Avantage du métier, la compagnie qui l’a embauchée propose à ses employés de petits appartements très bon marché – 500 bahts par mois – tout près de son siège. « Après la journée de travail, je mange et me repose, raconte Touk. Beaucoup des chauffeurs de taxi se retrouvent tous ensemble pour boire. Ils parlent des femmes, de l’Isan. Je n’aime pas ça. Je préfère rester seule. » Kanyawan ne partage pas ses états d’âme avec ses collègues. Elle ne leur raconte pas non plus que pour augmenter ses revenus, elle met à profit une de ses compétences qu’elle doit à ses parents : la maîtrise de la langue japonaise. La conductrice traque les clients nippons sur Sukhumvit, de Nana à Asoke, et sur Silom, qu’ils partent au travail ou qu’ils reviennent d’une soirée arrosée. Après quelques mots échangés en japonais, les pourboires sont souvent plus conséquents que ceux des touristes occidentaux.
Risques d’agression
Discrète avec les autres chauffeurs, Touk aime le contact avec ses clients, même si celui-ci peut être synonyme de danger. En décembre dernier, une conductrice de 53 ans s’est faite poignarder et frapper à plusieurs reprises par trois jeunes hommes qui lui ont pris 5000 bahts et son véhicule avant de l’abandonner au bord de la route avec une fracture du crâne, plusieurs membres cassés et la gorge entaillée. Touk n’a pas attendu cette histoire pour se protéger.

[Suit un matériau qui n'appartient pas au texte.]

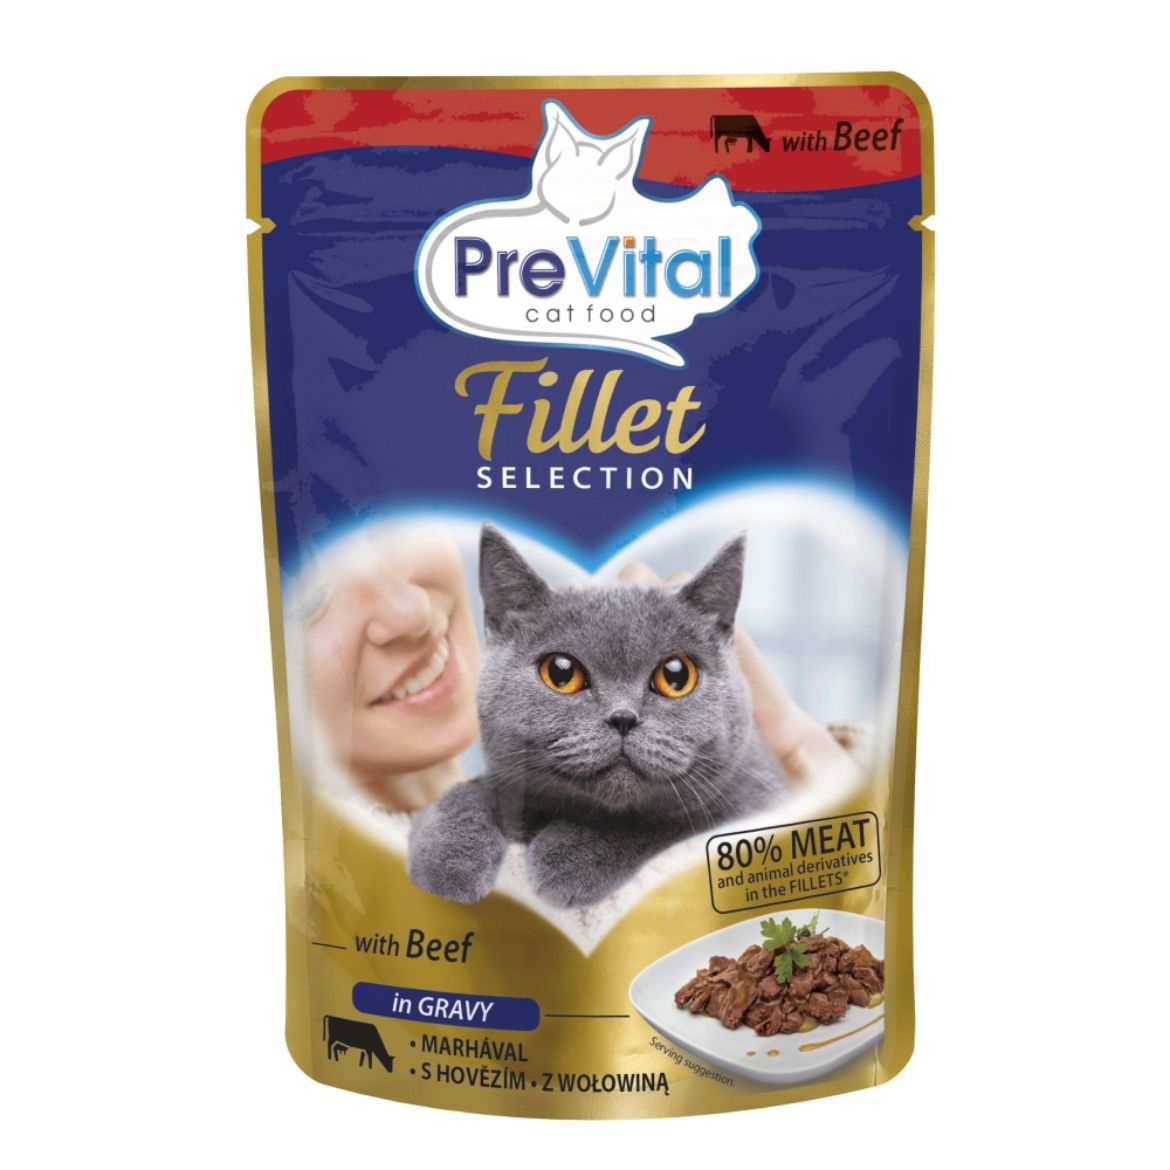 Obrázek z PreVital Fillet kočka hovězí, kapsa 85 g 
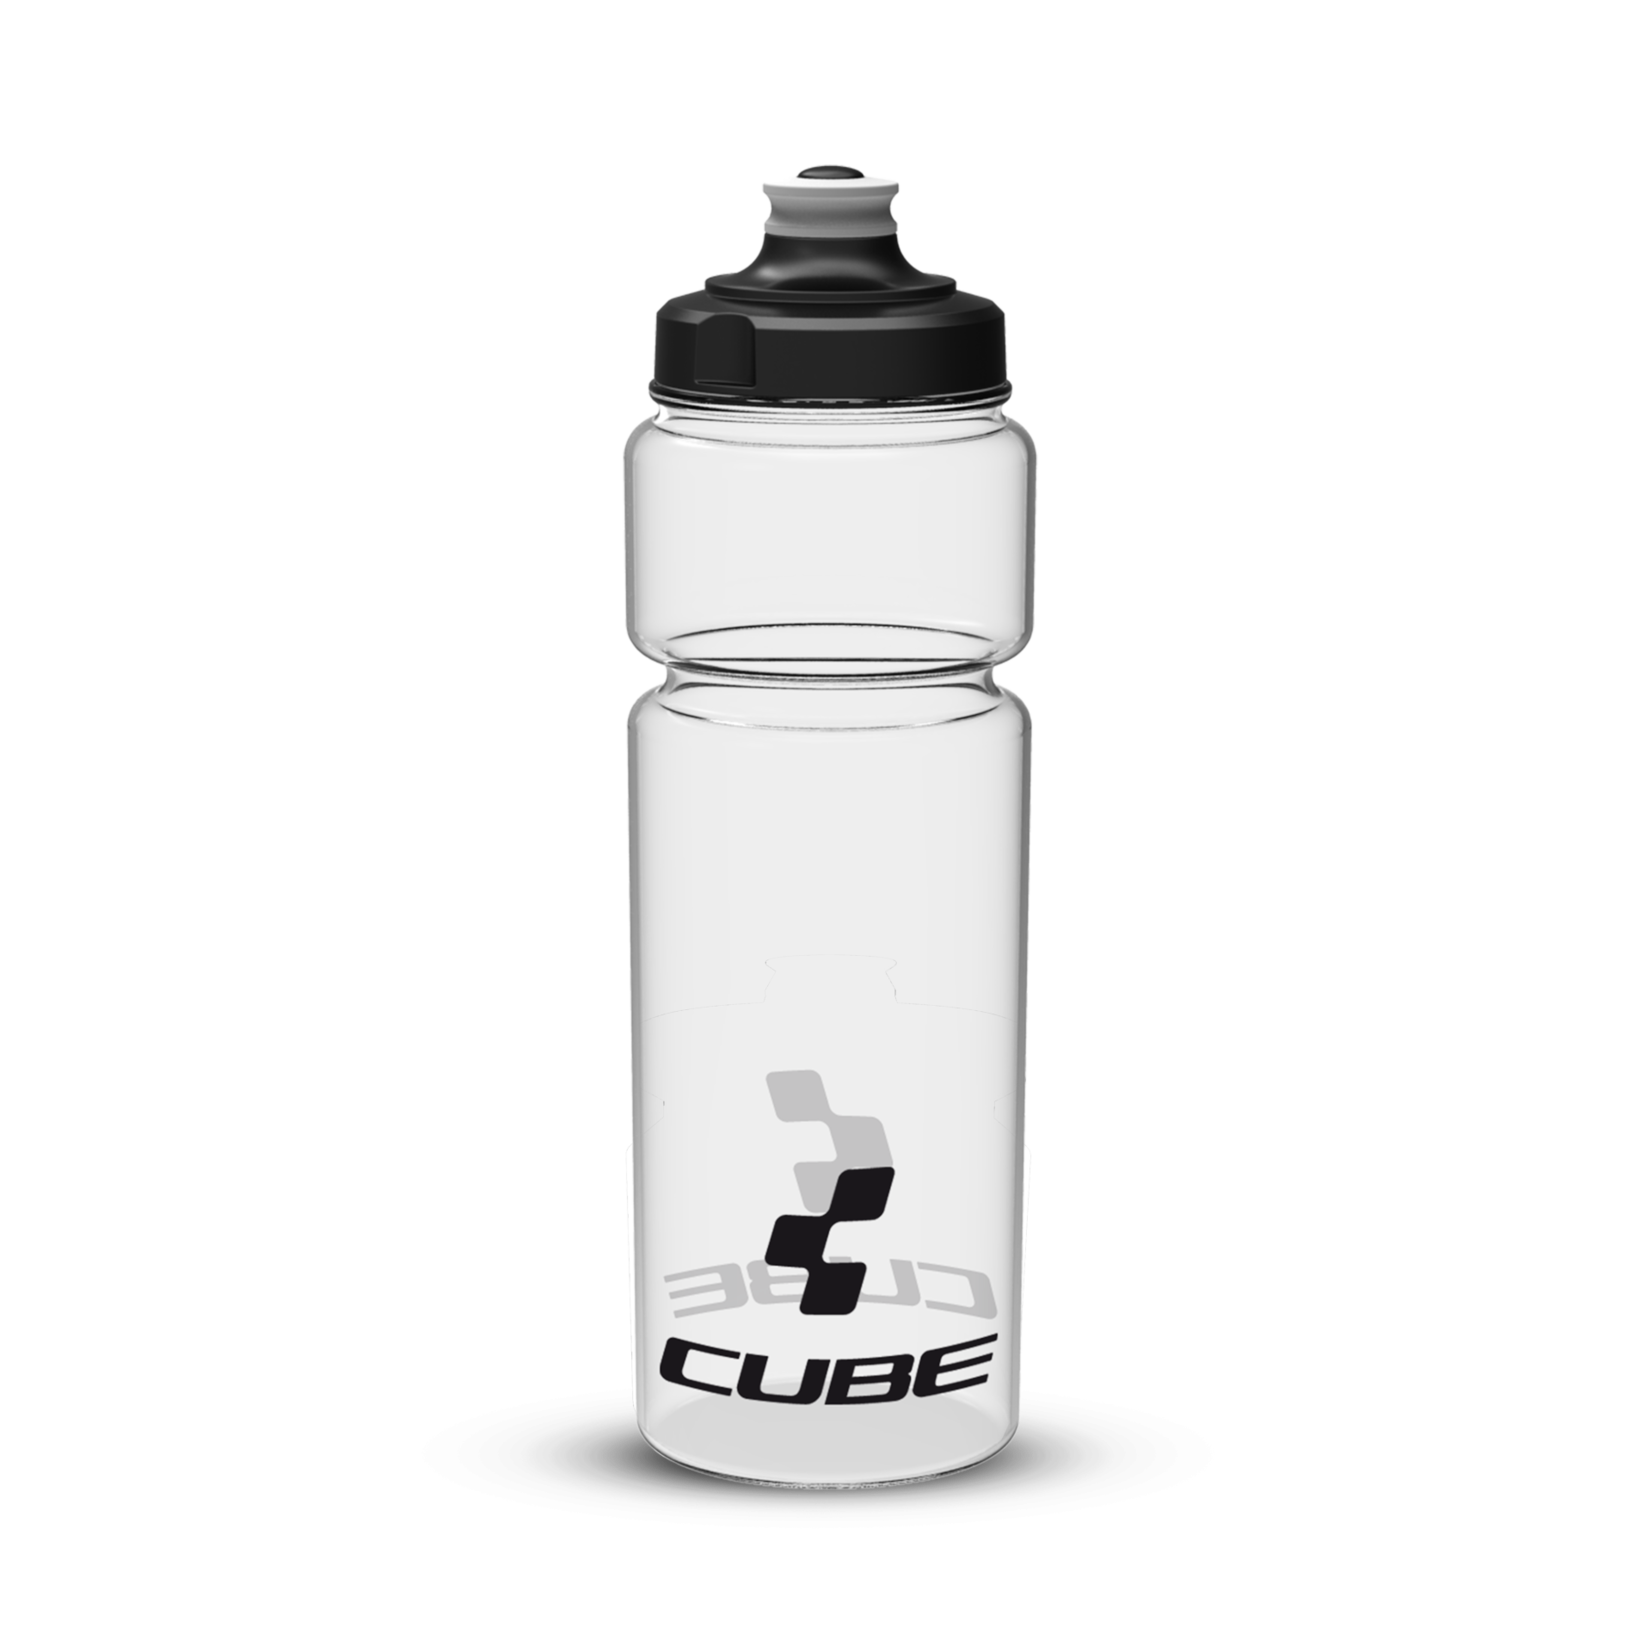 Cube CUBE Water Bottle

Elle cache sous son siège une pièce de métal lourd de la taille de son poing dont elle ne s’est encore jamais servie. Certains de ses amis portent sur eux des couteaux ou des armes à feu. Mais elle dit ne pas avoir peur quand elle commence sa journée de travail à 4 heures du matin. « A cette heure-là, tous mes clients sont saouls quand ils montent dans mon taxi, affirme-t-elle. Je n’ai jamais été frappée, mais il m’arrive de me faire insulter ou que des gens partent sans payer, qu’ils soient farangs ou Thaïlandais. Vous ne pouvez rien y faire. »
Dans un taxi, la peur existe dans les deux sens. Même avec ses allures de garçon manqué, Kanyawan a la confiance de nombreuses femmes. Ces dernières craignent les chauffeurs de taxi, le mauvais comportement de certains alimentant les faits divers des médias thaïlandais. « J’ai plusieurs clientes régulières qui me demandent de les amener et d’aller les chercher au travail, explique Touk. La course est plus chère mais elles sont rassurées quand je conduis. » Si le Département du transport refuse de donner les statistiques par sexe concernant les 66 645 taxis enregistrés à Bangkok, Kanyawan est l’une des trois femmes chauffeurs dans sa compagnie qui emploie une centaine de personnes.
Ces femmes au volant, minoritaires mais dont le nombre semble augmenter à vue d’oeil, ne sont néanmoins pas du goût de tout le monde. La société Lady Taxi, créée en juillet 2011, n’employait que des conductrices et réservait à des clientes femmes ses taxis équipés de traceurs GPS dont le signal était visible en direct sur le site de la compagnie. Mais après moins d’un an d’activité, le service s’est arrêté en avril 2012 suite à de nombreuses pressions de personnes dont le responsable de Lady Taxi, craignant des représailles, n’a pas souhaité divulguer l’identité.
Loin de ces contraintes inhérentes à la Thaïlande, Pi Touk ne se sent nullement d’utilité publique pour la société. Elle n’a pas non plus l’intention d’utiliser ses économies pour s’acheter à crédit son propre véhicule comme le font beaucoup de chauffeurs de taxi, au lieu de le louer. Elle ne sait même pas si elle sera encore chauffeur de taxi dans deux ou trois ans. Mais elle continuera en attendant de vivre au jour le jour, au gré des courses.